As always, I encourage you not to get carried away by the packaging or the place where they are found, sometimes with diet products or in herbalists, and that you check the label. You may still find invert sugar or a large amount of poor quality starches. An informed purchase helps us to have a conscious diet. These are some interesting options that will help you to know:

  • Calabizo, the pumpkin chorizo. In the case of pumpkin chorizo, we find an existing product that is easy to be veganized. The Galician company Calabizo has been marketing it successfully for years and now it has also launched into the traditional chickpea stew, but with its pumpkin chorizo. A healthy and eco-friendly alternative that actually drinks from the tradition and reuse of pumpkins. This type of chorizo ​​is ideal for homemade stews.
  • Black pudding Avus. Another brand of vegetable products is Avus, which not only has “chorizo”, even a spicy variety, but also “sobrasada” and “blood sausage”. Its products are made in Murcia in an artisan way, based on marinated soybeans. Very well achieved and nutritionally interesting alternatives for those who want a snack like that of childhood.
  • Polony Frys. Yes, we can make the mortadella at home, and it may not be the sausage you were expecting to find here. However, despite appearances, Frys has greatly improved the composition of this product, which has been on the market for many years. Of this type of products, depending on the flavoring and texture, we can find many brands and styles, and we should always try to check the label to see if they really interest us. This long-lived South African brand currently has two different product lines, one of them more focused on nutritional quality, but they are still for occasional consumption.
  • Ham and salty meat. Regarding vegetable cured meats, for a few years we have had those of the Good & Green brand, which usually have ingredients such as wheat gluten or chickpea flour, using natural colors and flavorings. These are products that simulate smoked ham or salty meat from other countries, but they are products that would fit perfectly into a vegan delicatessen. Here we must monitor the amount of salt, the Achilles heel of most processed products of these characteristics.

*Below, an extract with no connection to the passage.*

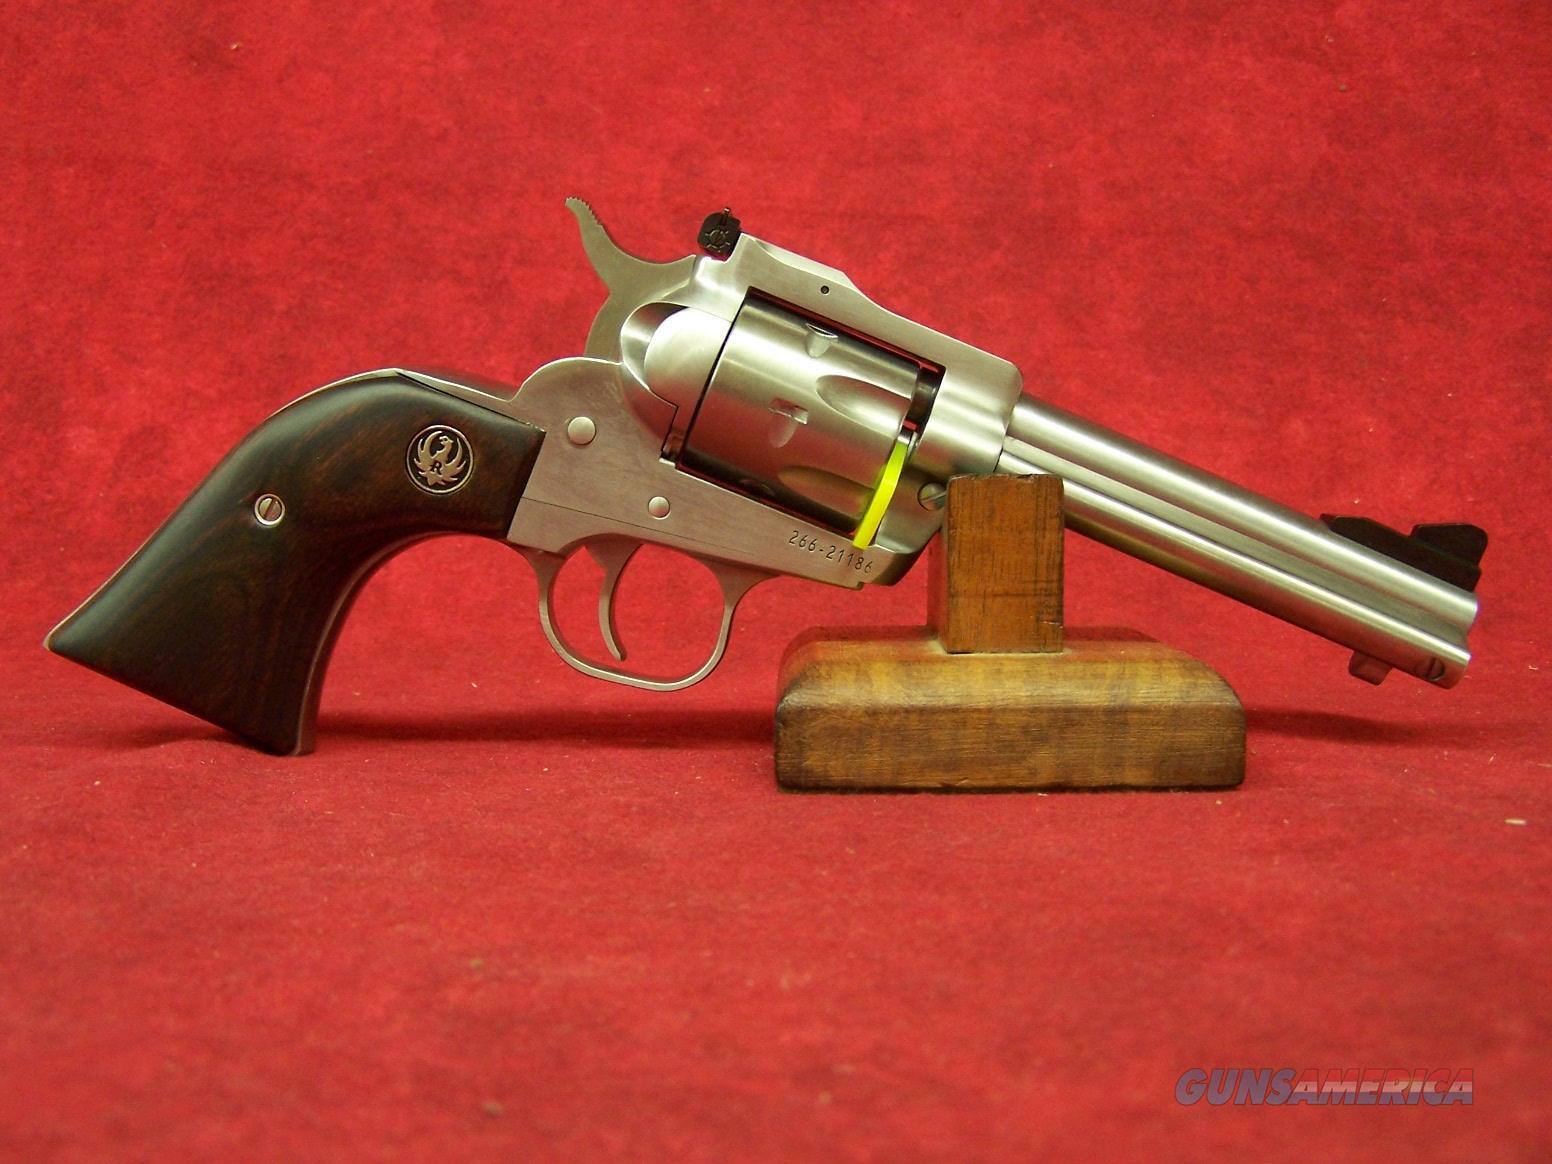 Ruger New Model Single Six .22LR/.22 Mag 4-5/8 Barrel (00627)  Guns > Pistols > Ruger Single Action Revolvers > Single Six Type

Something that we can highlight is that, if vegan is not synonymous with healthy, natural is not always. Although some of these plant products may be perceived as ultra-processed, they still have a much lower carbon footprint than meat ones. And if we carefully monitor the labels and choose quality vegetable sausages, they are healthier than conventional ones, since processed meat, whether cured, salted, smoked or fermented, such as Serrano ham, is classified as a Group 1 carcinogen by the WHO for more than 5 years.

Downloadable weekly menu

In the menu that I propose to you this week, which ends with the Christmas celebrations, I wanted to give you some clues on how to include vegetable sausages in a healthy menu. It is accompanied by some developed recipes, including a recipe for homemade vegan chorizo ​​based on seitan. The cold stations with stews, stews and other hot preparations are undoubtedly ideal for consuming vegetable sausages, whether they are homemade or purchased. In this post by Virginia García you will find other ways to make homemade vegan chorizo, if you want to experiment.